Xia Jiaqi, Li Shuai, Ren Baorui, Zhang Pengxia
Key laboratory of Microecology-Immune Regulatory Network and Related Diseases, School of Basic Medicine, Jiamusi University, Jiamusi, Heilongjiang, China.
Front Oncol. 2023 Apr 12;13:1098523. doi: 10.3389/fonc.2023.1098523. eCollection 2023.
Neoepitopes have attracted much attention as targets for immunotherapy against cancer. Therefore, efficient neoepitope screening technology is an essential step in the development of personalized vaccines. Circular RNAs (circRNAs) are generated by back-splicing and have a single-stranded continuous circular structure. So far, various circRNAs have been poorly characterized, though new evidence suggests that a few translated circRNAs may play a role in cancer. In the present study, circRNA was used as a source of neoepitope, a novel strategy as circRNA-derived neoepitopes have never been previously explored. The present study reports CIRC_neo (circRNA-derived neoepitope prediction pipeline), which is a comprehensive and automated bioinformatic pipeline for the prediction of circRNA-derived neoepitopes from RNA sequencing data. The computational prediction from sequencing data requires complex computational workflows to identify circRNAs, derive the resulting peptides, infer the types of human leukocyte antigens (HLA I and HLA II) in patients, and predict the neoepitopes binding to these antigens. The present study proposes a novel source of neoepitopes. The study focused on cancer-specific circRNAs, which have greatly expanded the source pool for neoepitope discovery. The statistical analysis of different features of circRNA-derived neoepitopes revealed that circRNAs could produce long proteins or truncated proteins. Because the peptides were completely foreign to the human body, they could be highly immunogenic. Importantly, circRNA-derived neoepitopes capable of binding to HLA were discovered. In the current study, circRNAs were systematically analyzed, revealing potential targets and novel research clues for cancer diagnosis, treatment, and prospective personalized vaccine research.

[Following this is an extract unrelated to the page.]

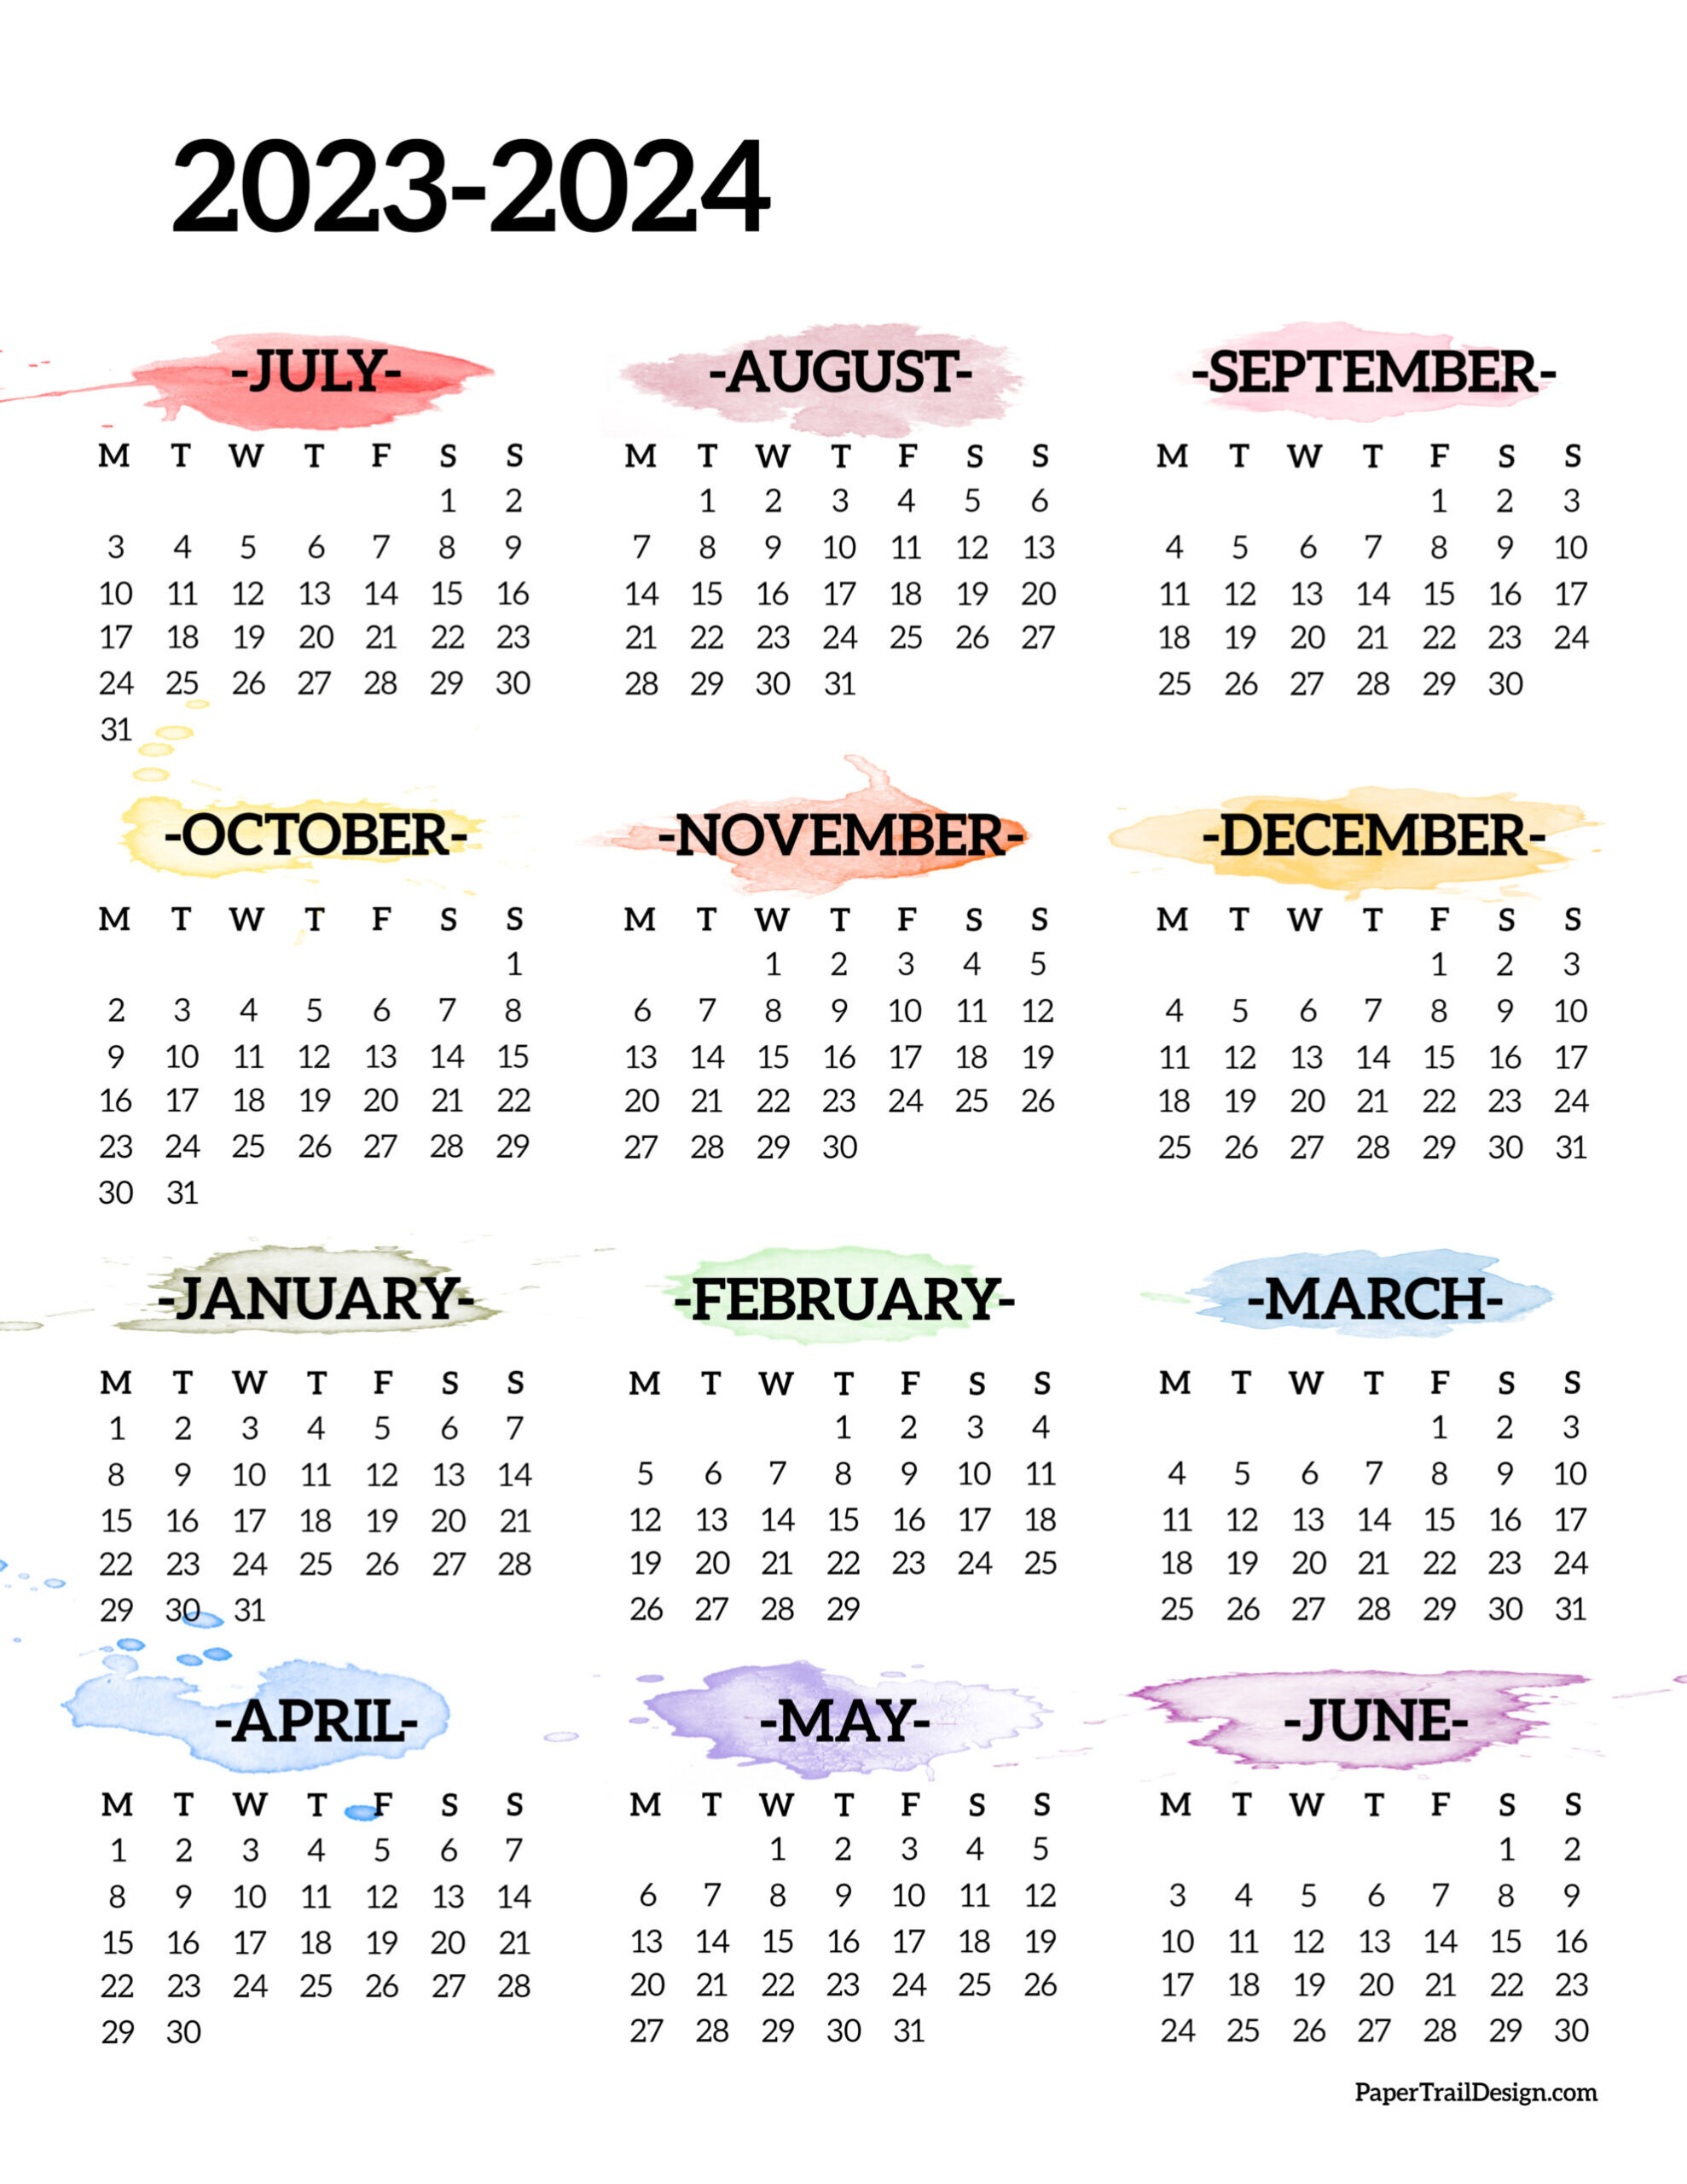 2023-2024 School Year Calendar Free Printable - Paper Trail Design in Yearly Calendar July 2023 To June 2024

新表位作为癌症免疫治疗的靶点已引起广泛关注。因此,高效的新表位筛选技术是个性化疫苗开发的关键步骤。环状RNA(circRNAs)由反向剪接产生,具有单链连续环状结构。到目前为止,各种circRNAs的特征还不清楚,不过新证据表明一些可翻译的circRNAs可能在癌症中发挥作用。在本研究中,circRNA被用作新表位的来源,这是一种新策略,因为此前从未探索过circRNA衍生的新表位。本研究报告了CIRC_neo(circRNA衍生新表位预测流程),它是一个全面且自动化的生物信息学流程,用于从RNA测序数据中预测circRNA衍生的新表位。从测序数据进行计算预测需要复杂的计算工作流程,以识别circRNAs、推导产生的肽段、推断患者体内人类白细胞抗原(HLA I和HLA II)的类型,并预测与这些抗原结合的新表位。本研究提出了一种新的新表位来源。该研究聚焦于癌症特异性circRNAs,极大地扩展了新表位发现的来源库。对circRNA衍生新表位不同特征的统计分析表明,circRNAs可以产生长蛋白或截短蛋白。由于这些肽段对人体来说是完全外来的,它们可能具有高度免疫原性。重要的是,发现了能够与HLA结合的circRNA衍生新表位。在当前研究中,对circRNAs进行了系统分析,为癌症诊断、治疗以及前瞻性个性化疫苗研究揭示了潜在靶点和新的研究线索。